DATA EXCERPT ▸
────
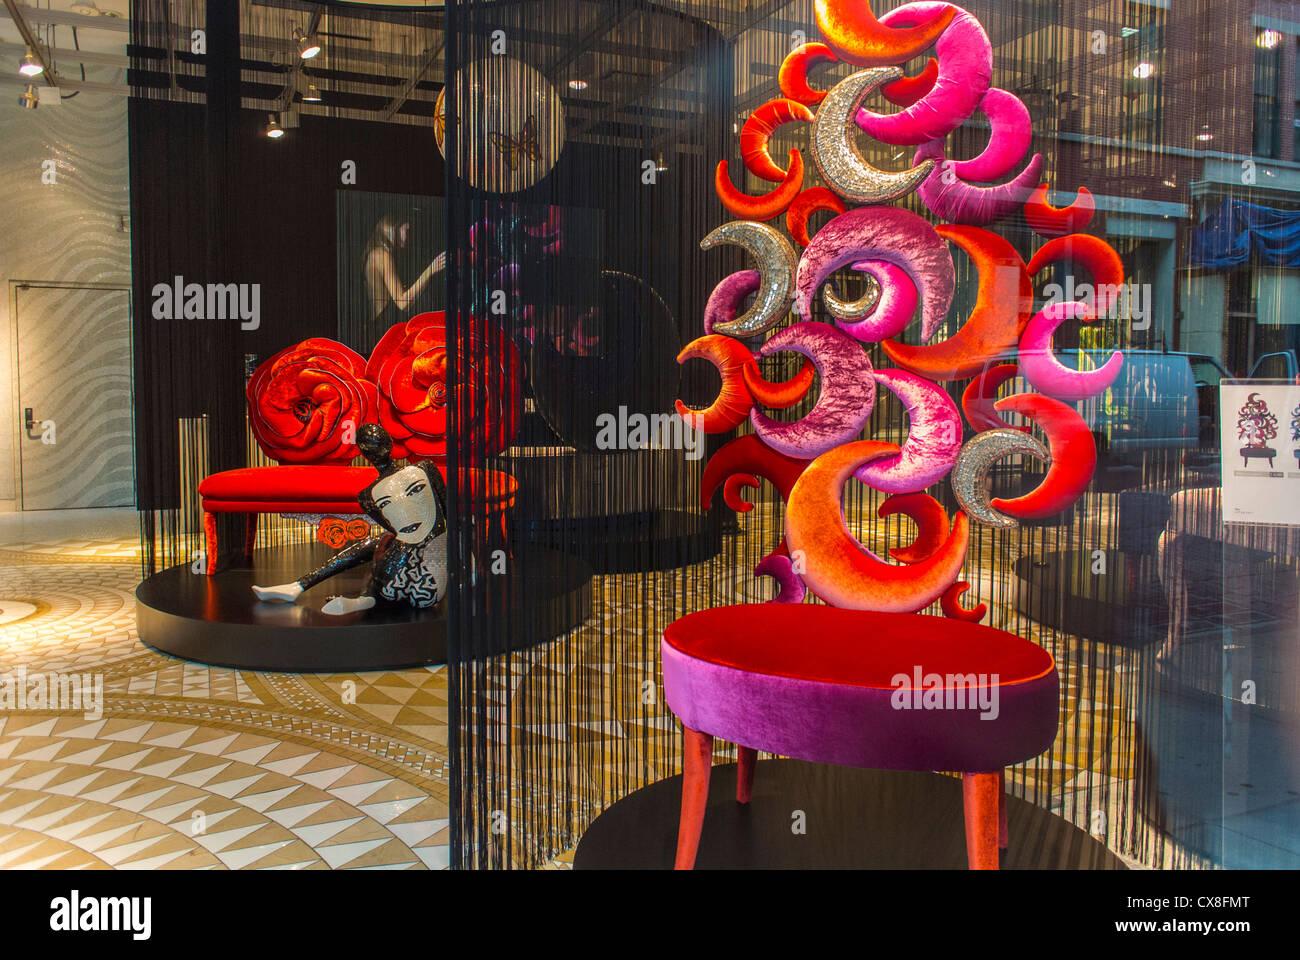 New york ny usa soho shopping contemporary furniture for Furniture stores in soho new york city
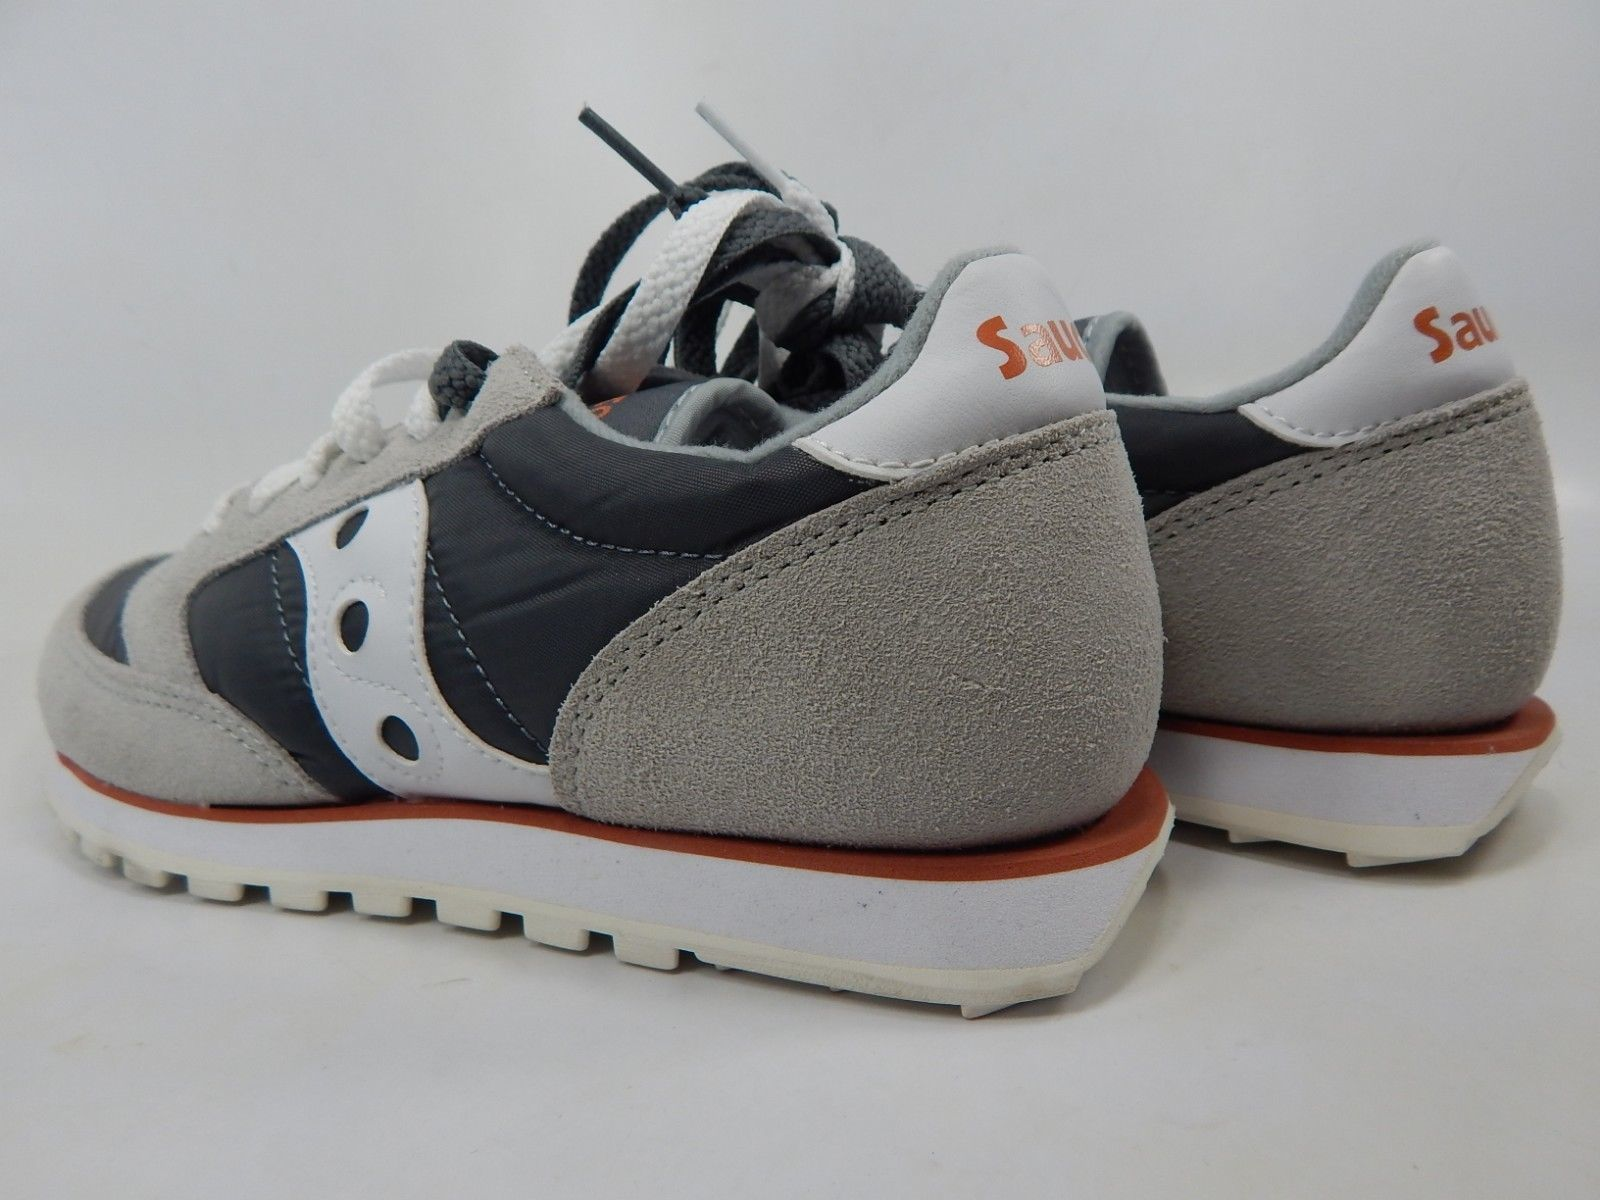 Saucony Jazz Low Pro Original S1866-247 Women's Running Shoes Size 7 M (B) EU 38
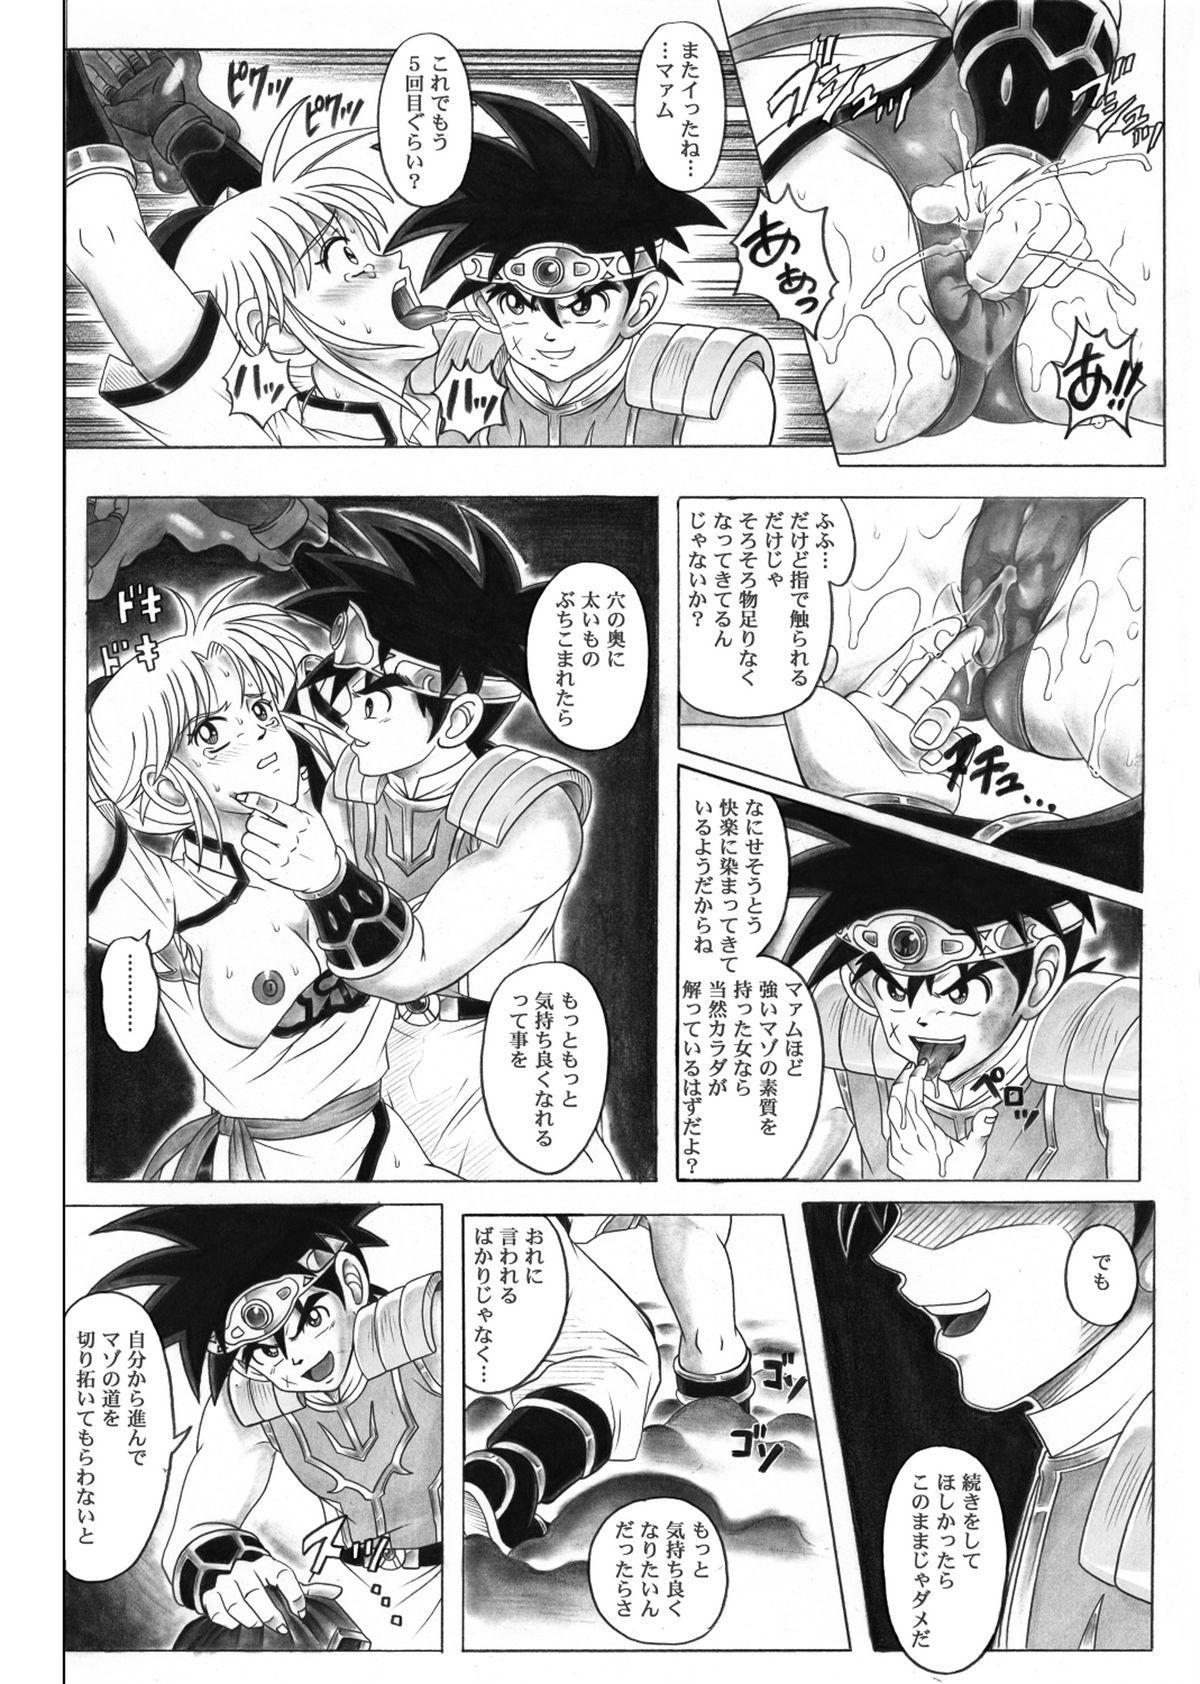 [Cyclone (Reizei, Izumi)] STAR TAC IDO ~Youkuso Haja no Doukutsu he~ Chuuhen Download edition (Dragon Warrior: Dai's Great Adventure) [Digital] 51
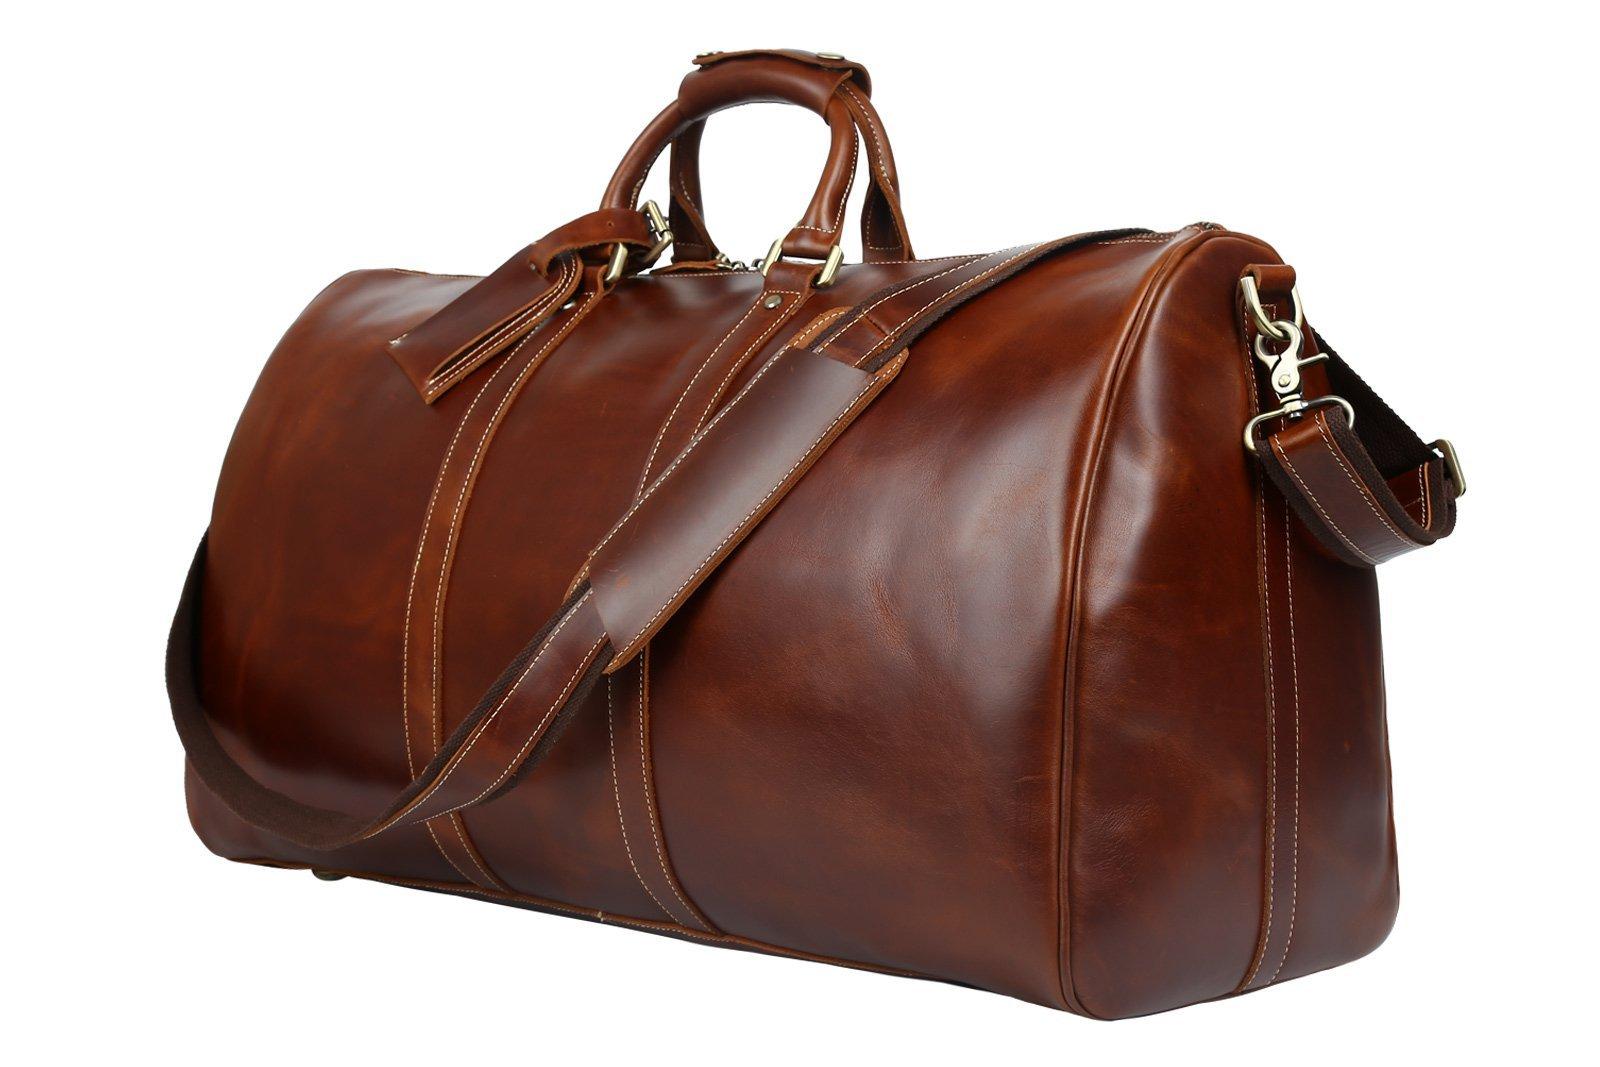 Huntvp Mens Leather Travel Duffel Bag Vintage Weekender Carry On Brown Luggage Bag by Huntvp (Image #1)
────
REQUIRED ACTION ▸ The whole listing is to be duplicated verbatim, apart from its images.

EXPECTED ANSWER ▸
 New york ny usa soho shopping contemporary furniture for Furniture stores in soho new york city
 Saucony Jazz Low Pro Original S1866-247 Women's Running Shoes Size 7 M (B) EU 38
 [Cyclone (Reizei, Izumi)] STAR TAC IDO ~Youkuso Haja no Doukutsu he~ Chuuhen Download edition (Dragon Warrior: Dai's Great Adventure) [Digital] 51
 Huntvp Mens Leather Travel Duffel Bag Vintage Weekender Carry On Brown Luggage Bag by Huntvp (Image #1)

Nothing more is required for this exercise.